A mediation agreement is binding in the same way as any other written agreement — including in terms of enforceability. However, if you want to add extra legal safeguards and complete the necessary legal steps based on your agreement, I would recommend a joint consultation with a lawyer (e.g. my colleague), who will work towards implementing your agreement.
In matters involving childcare, you can ask the Authority for Social and Legal Protection of Children (OSPOD) to include your agreement in your case file (if you already have one, or will get one)
11. Can our children be involved in mediation — for example, to share their views about custody after our separation/divorce?
Yes, but… First we all need to agree on the purpose and form of your child’s involvement in the mediation, and on how their wishes will be taken into account afterwards. I’ll explain in advance what children typically experience during their parents’ separation and what their needs are.
12. We need to reach an agreement, but there’s been domestic violence in our home. Can mediation still help?
Domestic violence is a contraindication to mediation. However, it’s a little-known fact that physical aggression is not uncommon in high conflict situations and does not necessarily constitute domestic violence. Safe communication in mediation (and agreement) can be helpful in releasing tension. Has the violence been going on for some time, or was it an isolated outburst in a moment of desperation? If you’re unsure, please contact a professional who specialises in domestic violence to help you assess your situation first.
13. I’m worried that as a woman, you might take the woman’s side when discussing divorce.
Impartiality is required by both law and the Mediators’ Association’s Code of Ethics. For additional comfort, I offer co-mediation with a male mediator.

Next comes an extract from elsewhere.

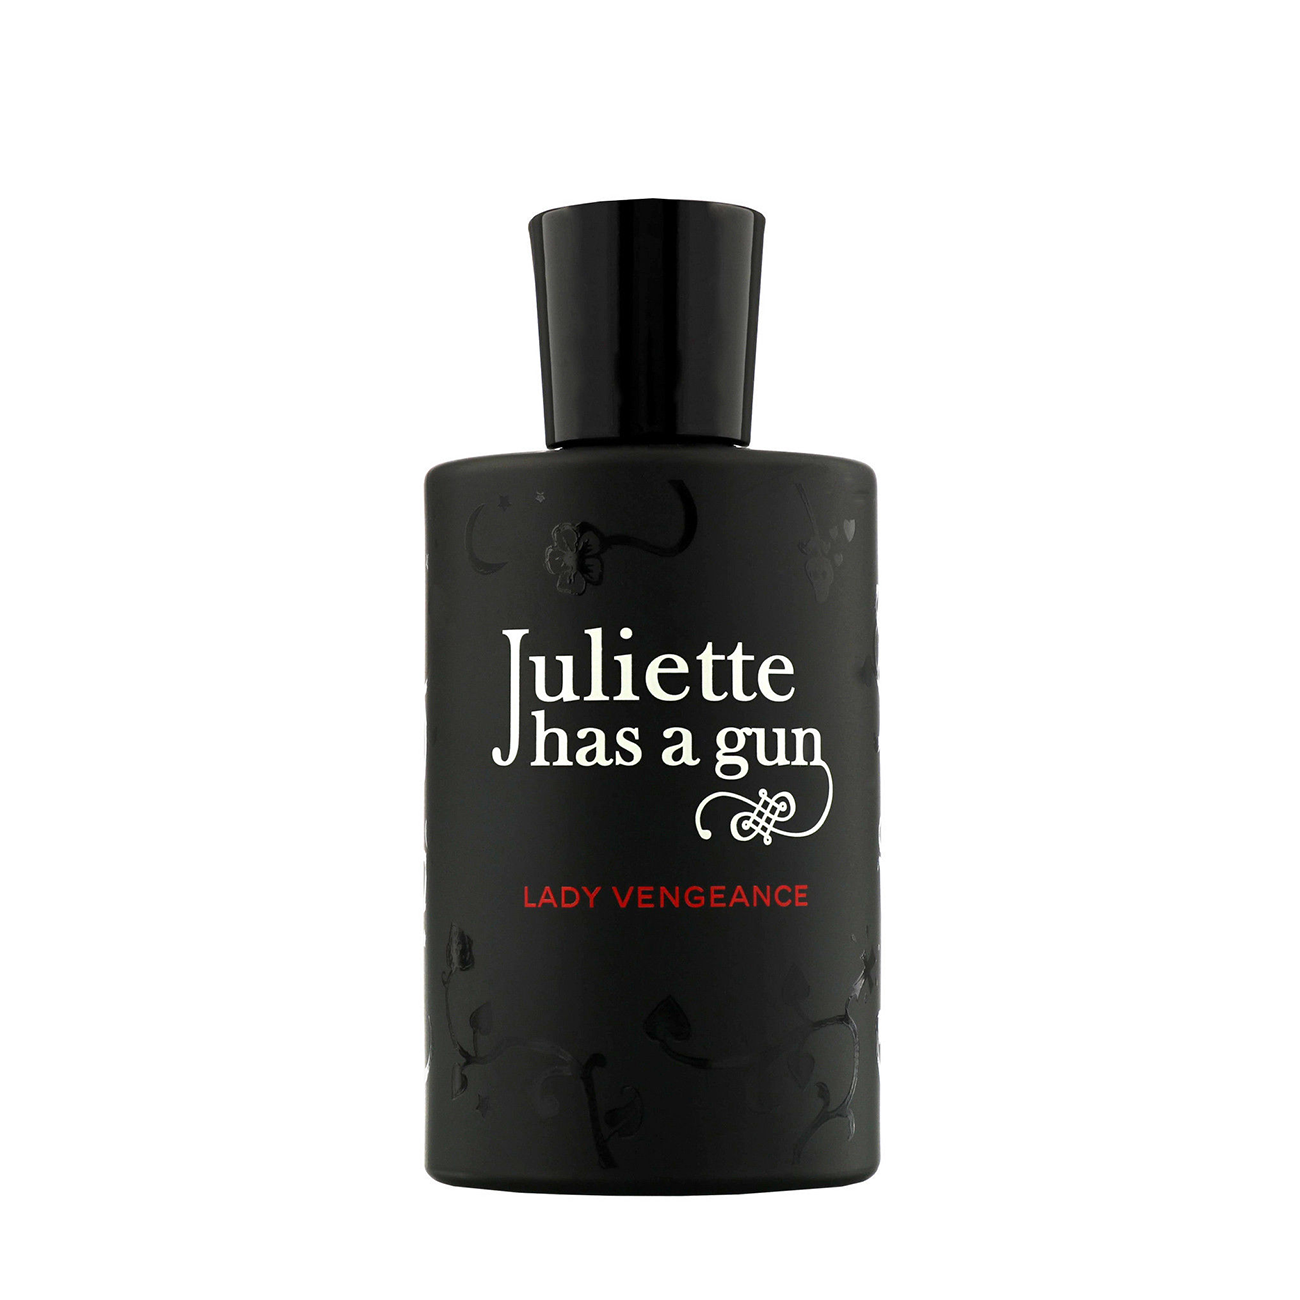 Parfum de niche Juliette has a gun LADY VENGEANCE 100ml cu comanda online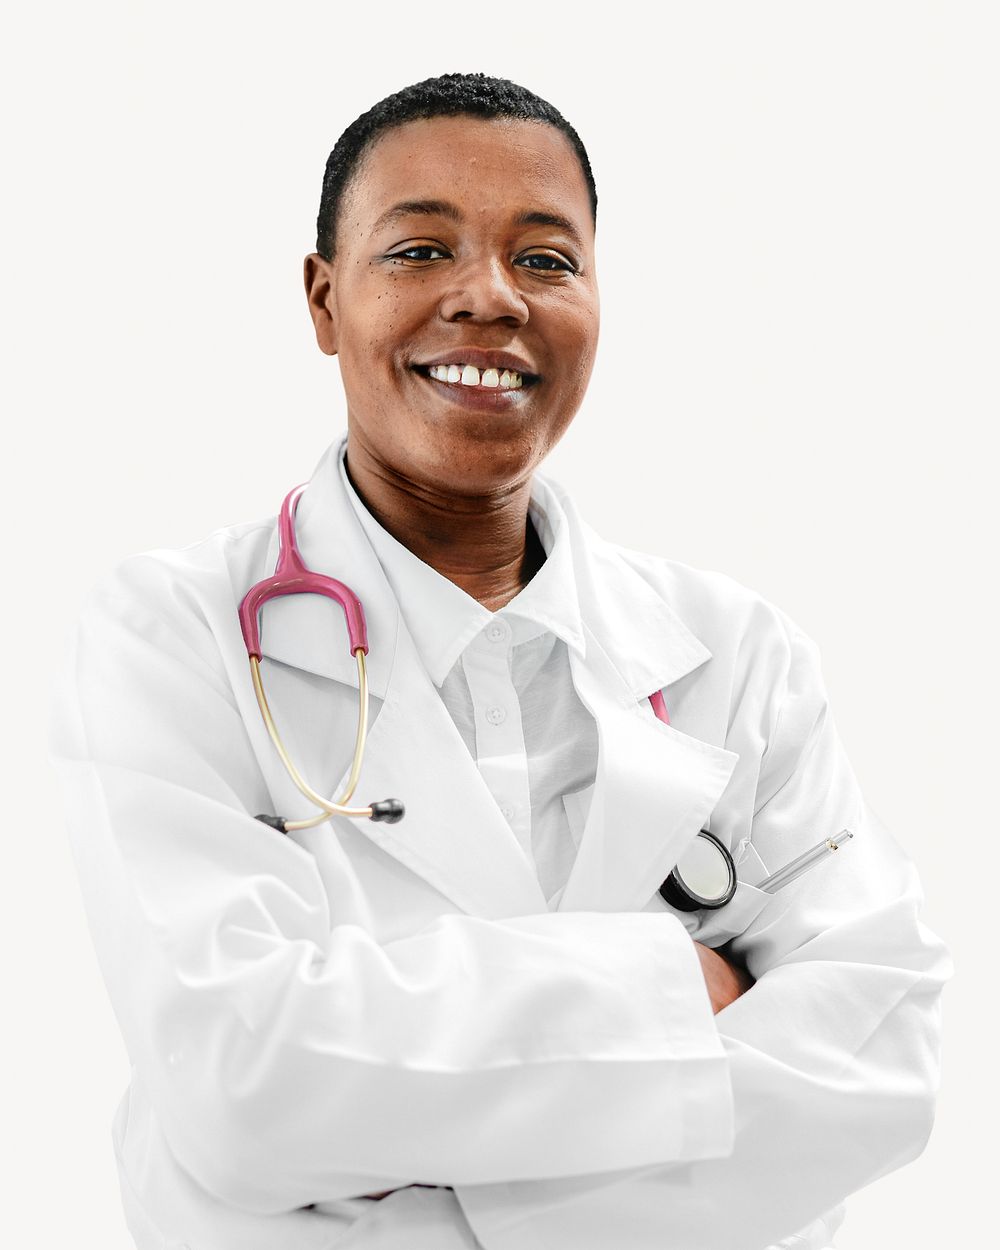 Black doctor smile isolated image on white

14. Can we calculate child support during mediation?
Yes. During mediation, we can calculate child support together using the methodology and recommended tables of the Ministry of Justice. You’ll need to bring along information about your incomes. It also helps if both of you review the methodology in advance. Please note that the tables are only guidelines — the final arrangement should always reflect your specific situation and your children’s needs.